====== COLLECTED DATA ======
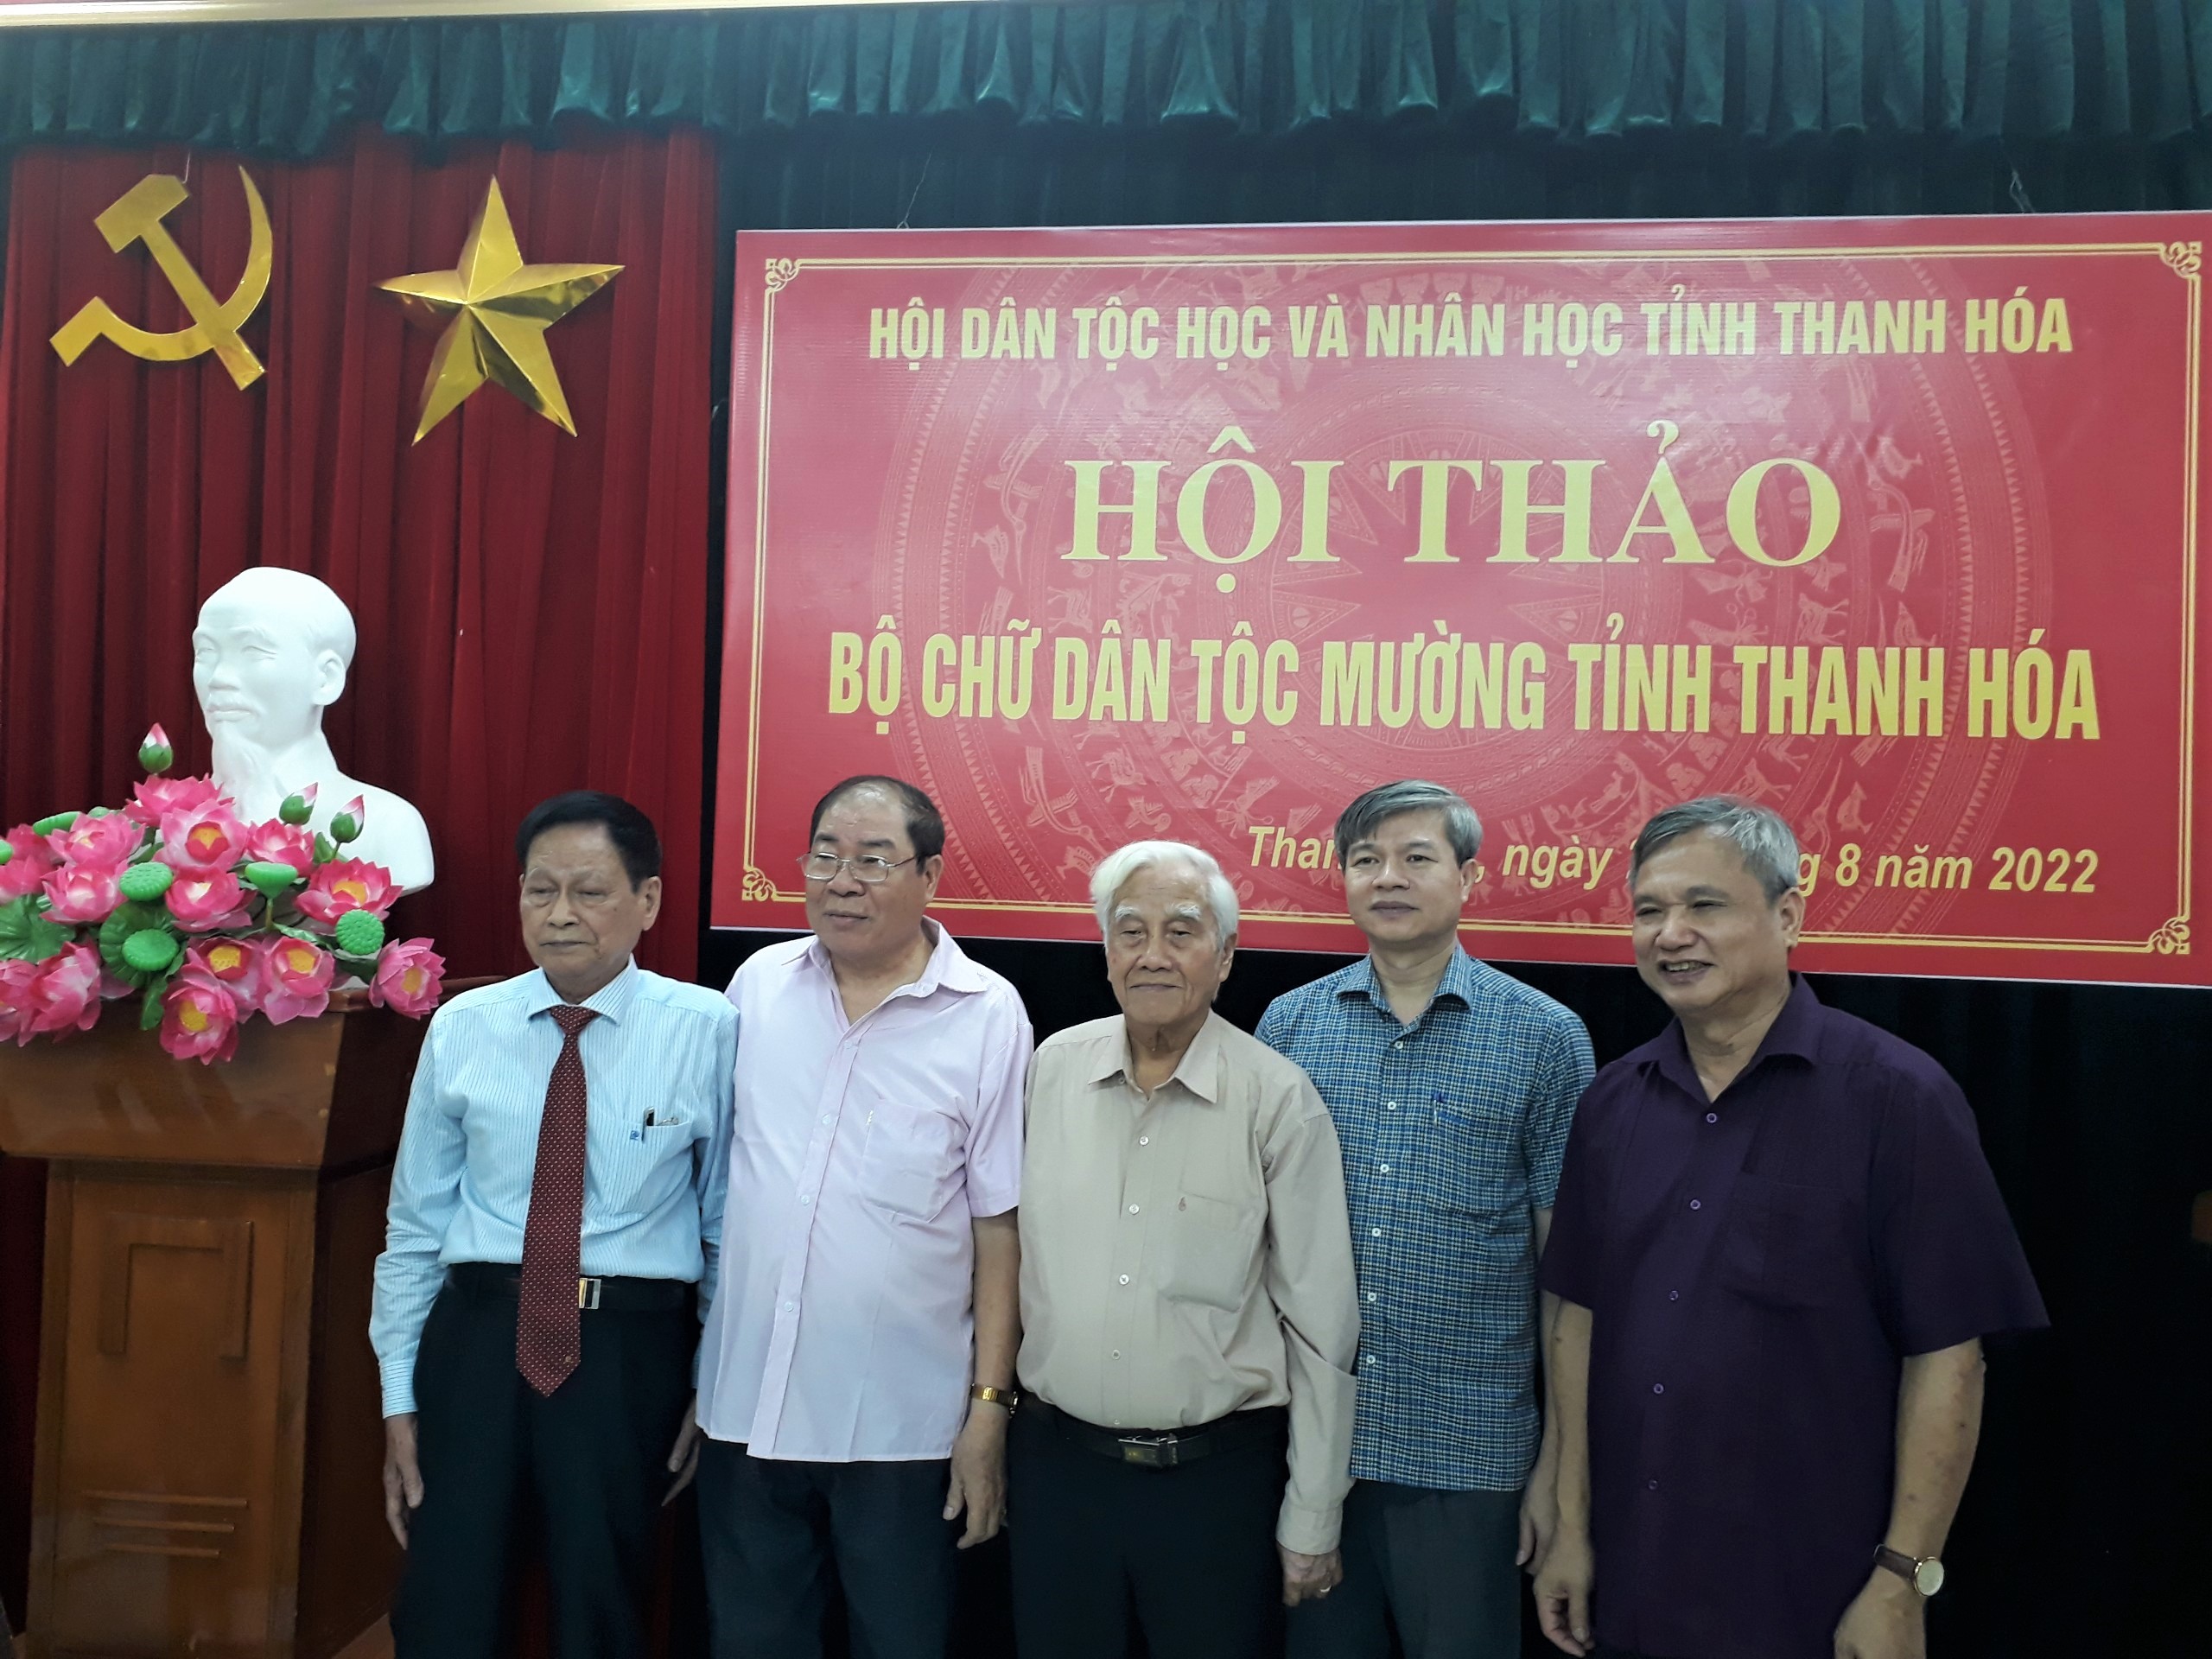 Hội Dân tộc học và Nhân học Thanh Hóa tổ chức Hội thảo về “Bộ chữ dân tộc Mường tỉnh Thanh Hóa”
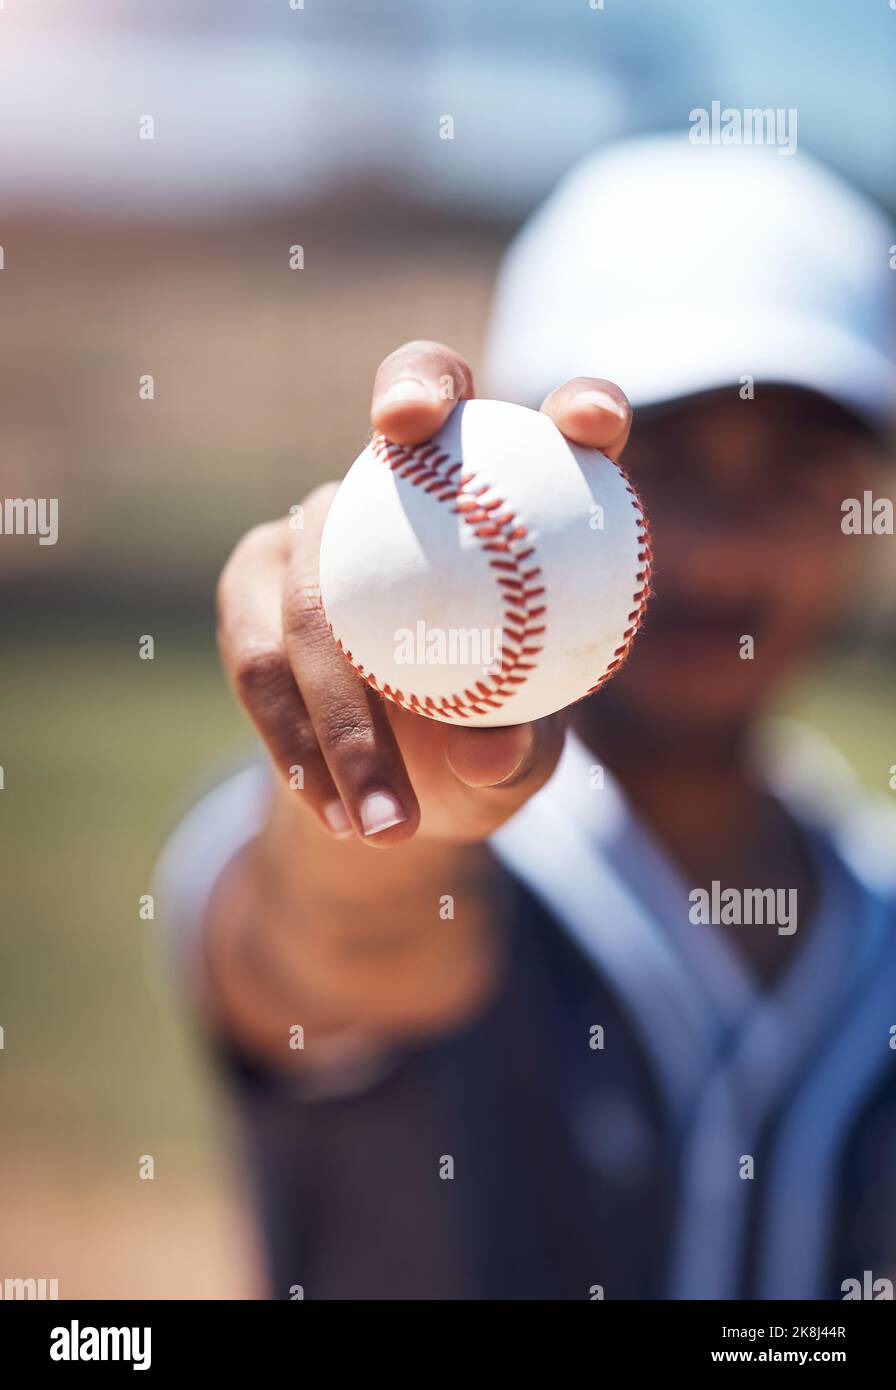 Baseball ou rien du tout. Un homme tenant une balle pendant un match de baseball. Banque D'Images
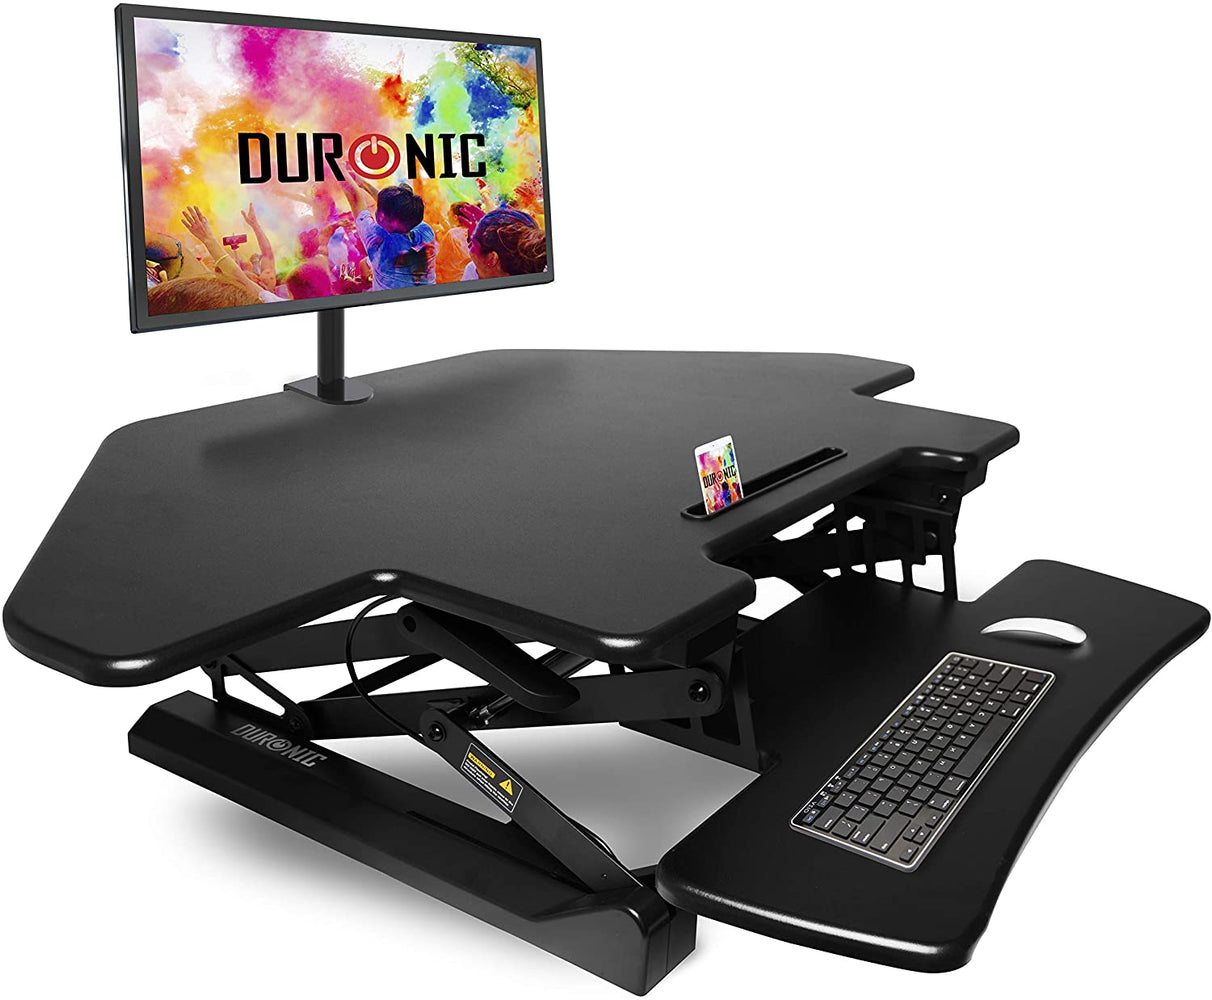 Duronic DM05D5 Postazione da lavoro per computer con ampia piattaforma 100 cm scrivania ufficio per pc monitor tastiera – altezza regolabile da 15 a 50 cm – compatibile con supporti monitor
======
EXERCISE DETAILS —
Retype the listing exactly. Skip every picture.

COMPLETED TASK —
 Hội Dân tộc học và Nhân học Thanh Hóa tổ chức Hội thảo về “Bộ chữ dân tộc Mường tỉnh Thanh Hóa”
 Baseball ou rien du tout. Un homme tenant une balle pendant un match de baseball. Banque D'Images
 Duronic DM05D5 Postazione da lavoro per computer con ampia piattaforma 100 cm scrivania ufficio per pc monitor tastiera – altezza regolabile da 15 a 50 cm – compatibile con supporti monitor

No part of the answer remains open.